Million Dollar Password, CBS’s Regis-ized revival of Password, posted pretty good ratings for CBS last night. The first two celebrities were Neil Patrick Harris and Rachel Ray (who apparently is part of a secret Islamist conspiracy with Dunkin Donuts); a future episode will pay homage to the original by having Betty White as a guest.
It’s always good to see a renewal of the age-old “celebrities meet ordinary people” format. There are plenty of reasons why it died out, starting with the fact that there are fewer celebrities who exist in that weird limbo between being too busy to do game shows and not being busy enough for anybody to have ever heard of them. In some ways the format can only work in prime time now, because a prime time show can get guests who may not be superstars but do have some name recognition, like future MDP guests Steven Weber and Rosie O’Donnell. Twenty years ago, people on that level — not quite stars, not quite has-beens — might have been staples on daytime game shows. Now, a daytime show would probably have to settle for celebrities on an even lower level than that.
Another reason the format started to crumble was that audiences increasingly wanted to get involved with the adventures of the contestants, rooting for them to win and watching their struggles and tragedies and triumphs. That’s hard in a celebrity game show, because the celebrities are so often inept. Not all of them are. Betty White was a game-show staple not just because she was married to the host of Password, but because she knew how to play the games and be a good partner for the contestants.

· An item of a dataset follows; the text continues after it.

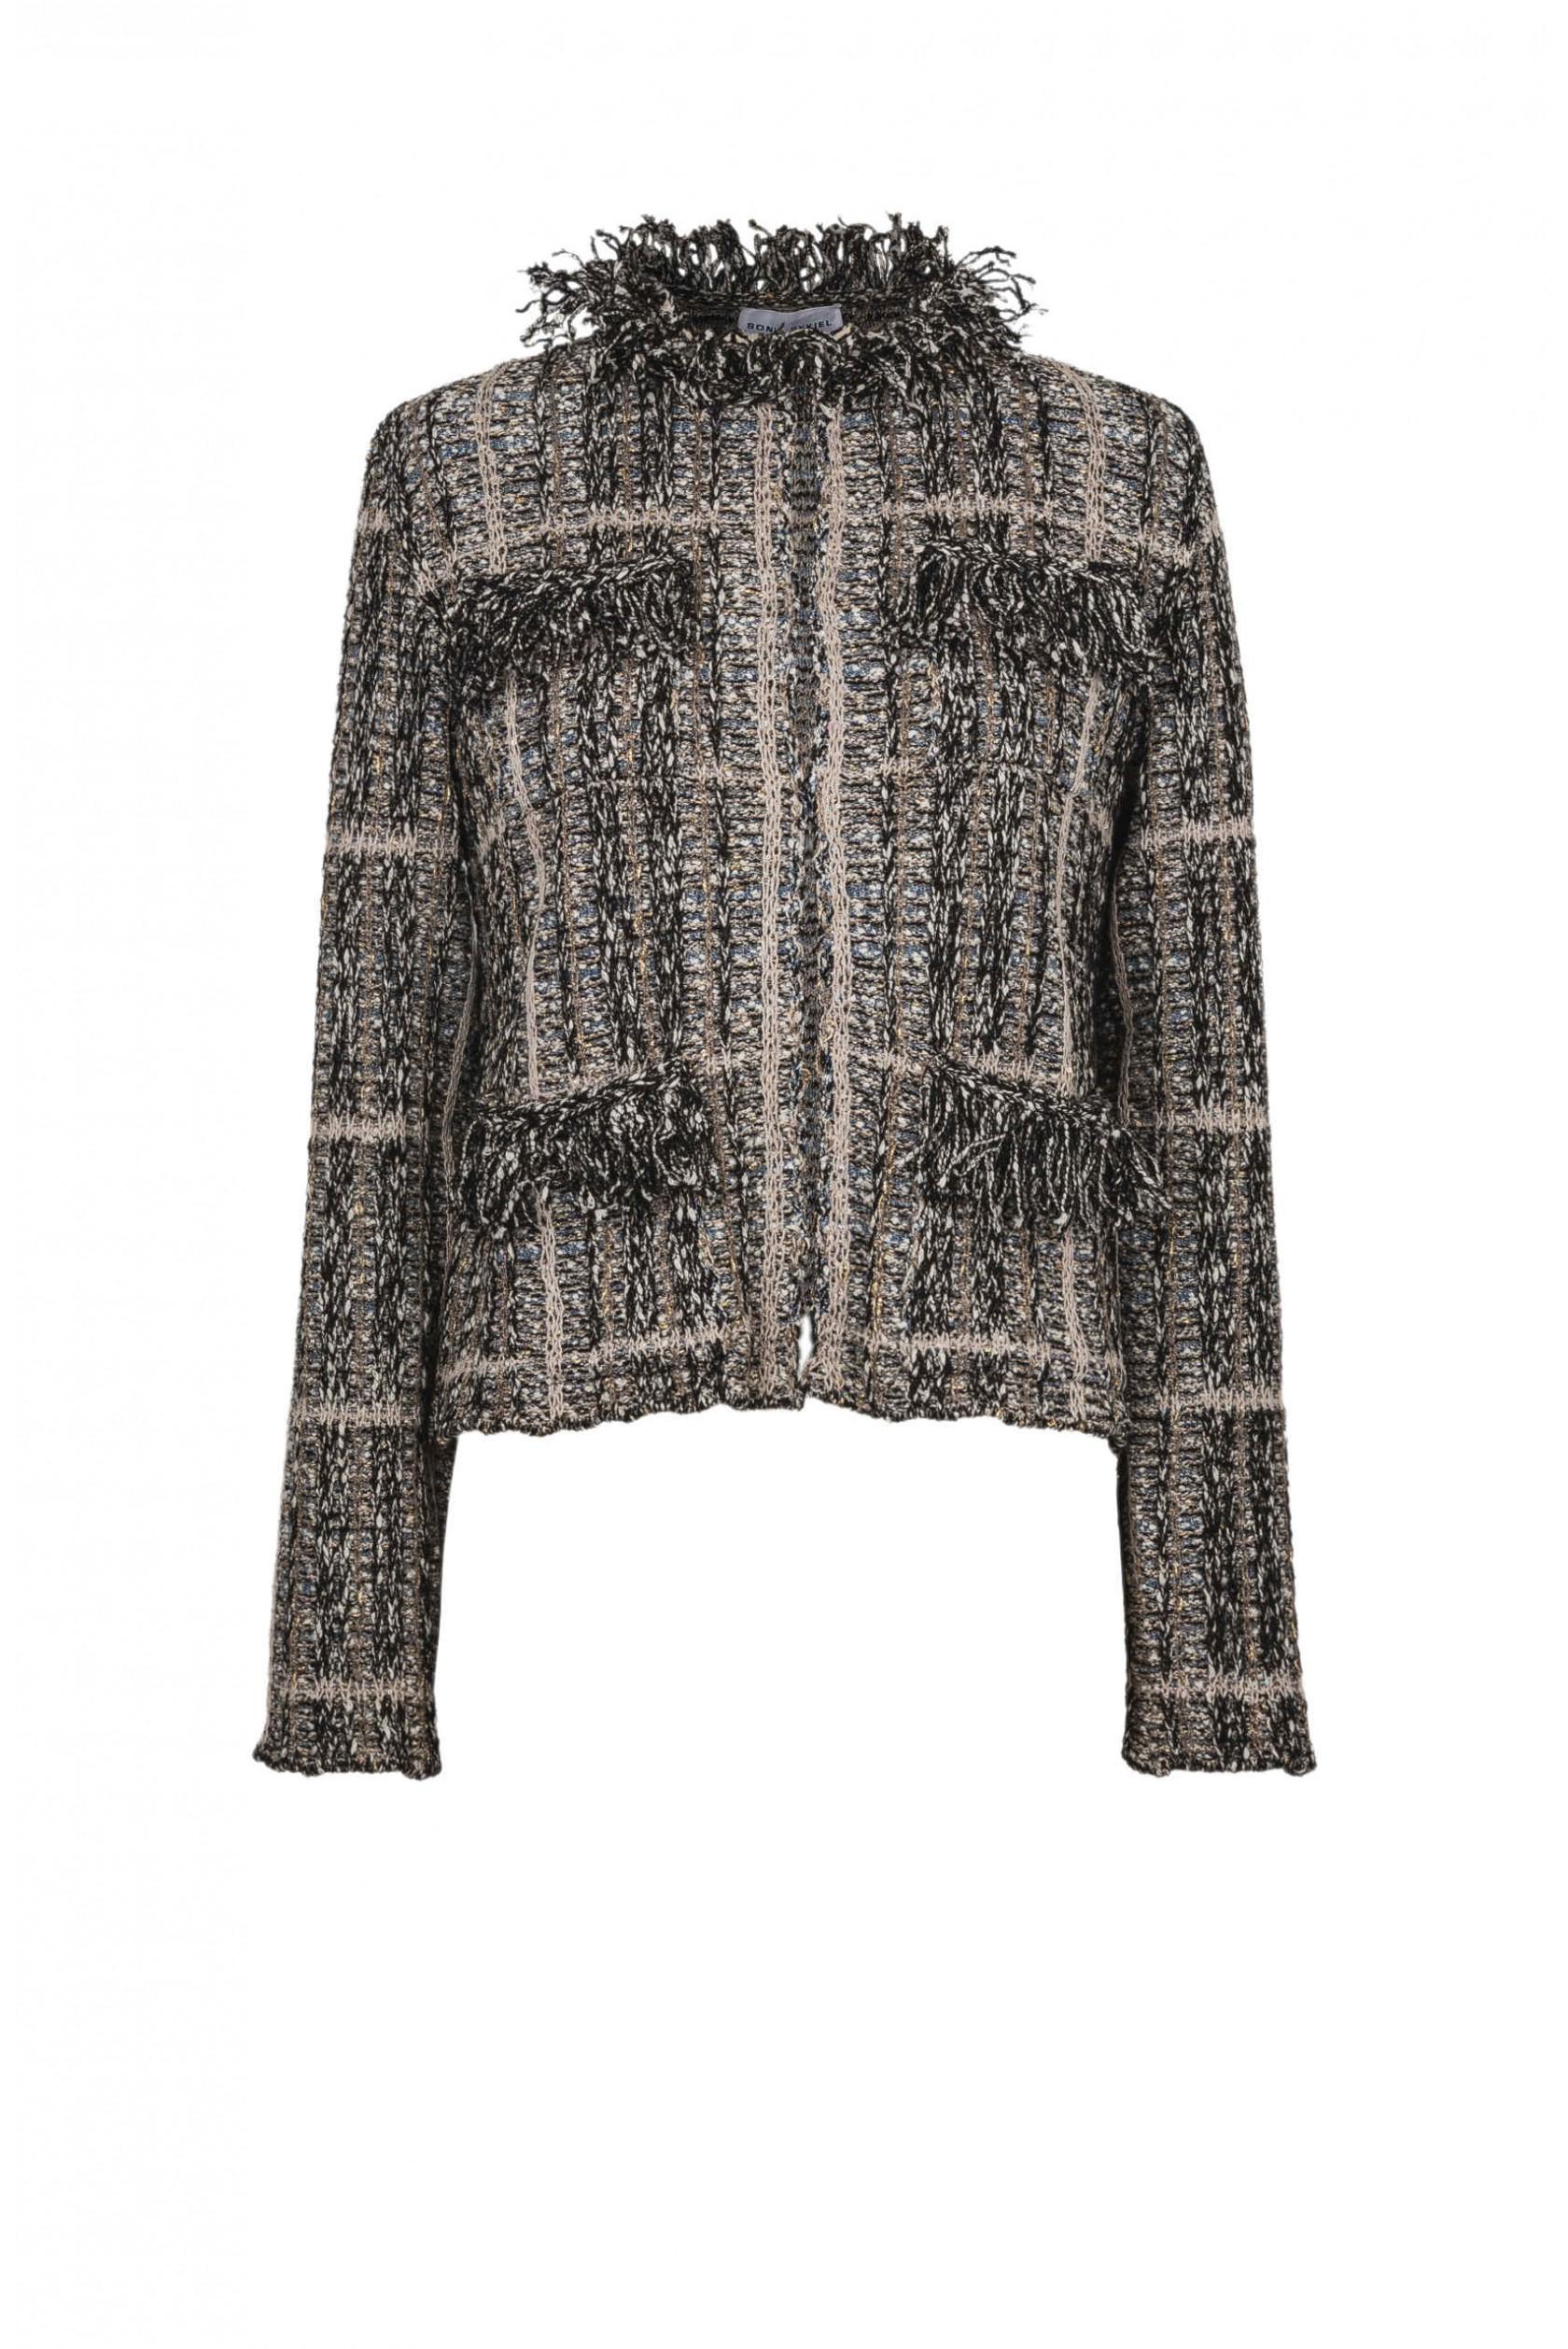 cfadbf74c02 Lyst - Sonia Rykiel Summer Tweed Cropped Jacket in Natural

And if you watch an old episode of Match Game you’ll know why the contestants usually chose Richard Dawson as their partner in the final round: because underneath the drunk act and the leering, he actually tried to come up with a good answer that the contestant might be likely to match. (If the contestant was a woman, you could be 75% sure that he’d match her because that way he’d get a kiss.) But so many celebrities on the celebrity shows either didn’t care if they played the game well or just used the whole thing as an excuse to call attention to themselves. The problem was that the audience moved toward caring more about the game than the celebrities, and shows that focused more on the contestants themselves, like Family Feud and Jeopardy! and Price is Right, were the ones with staying power.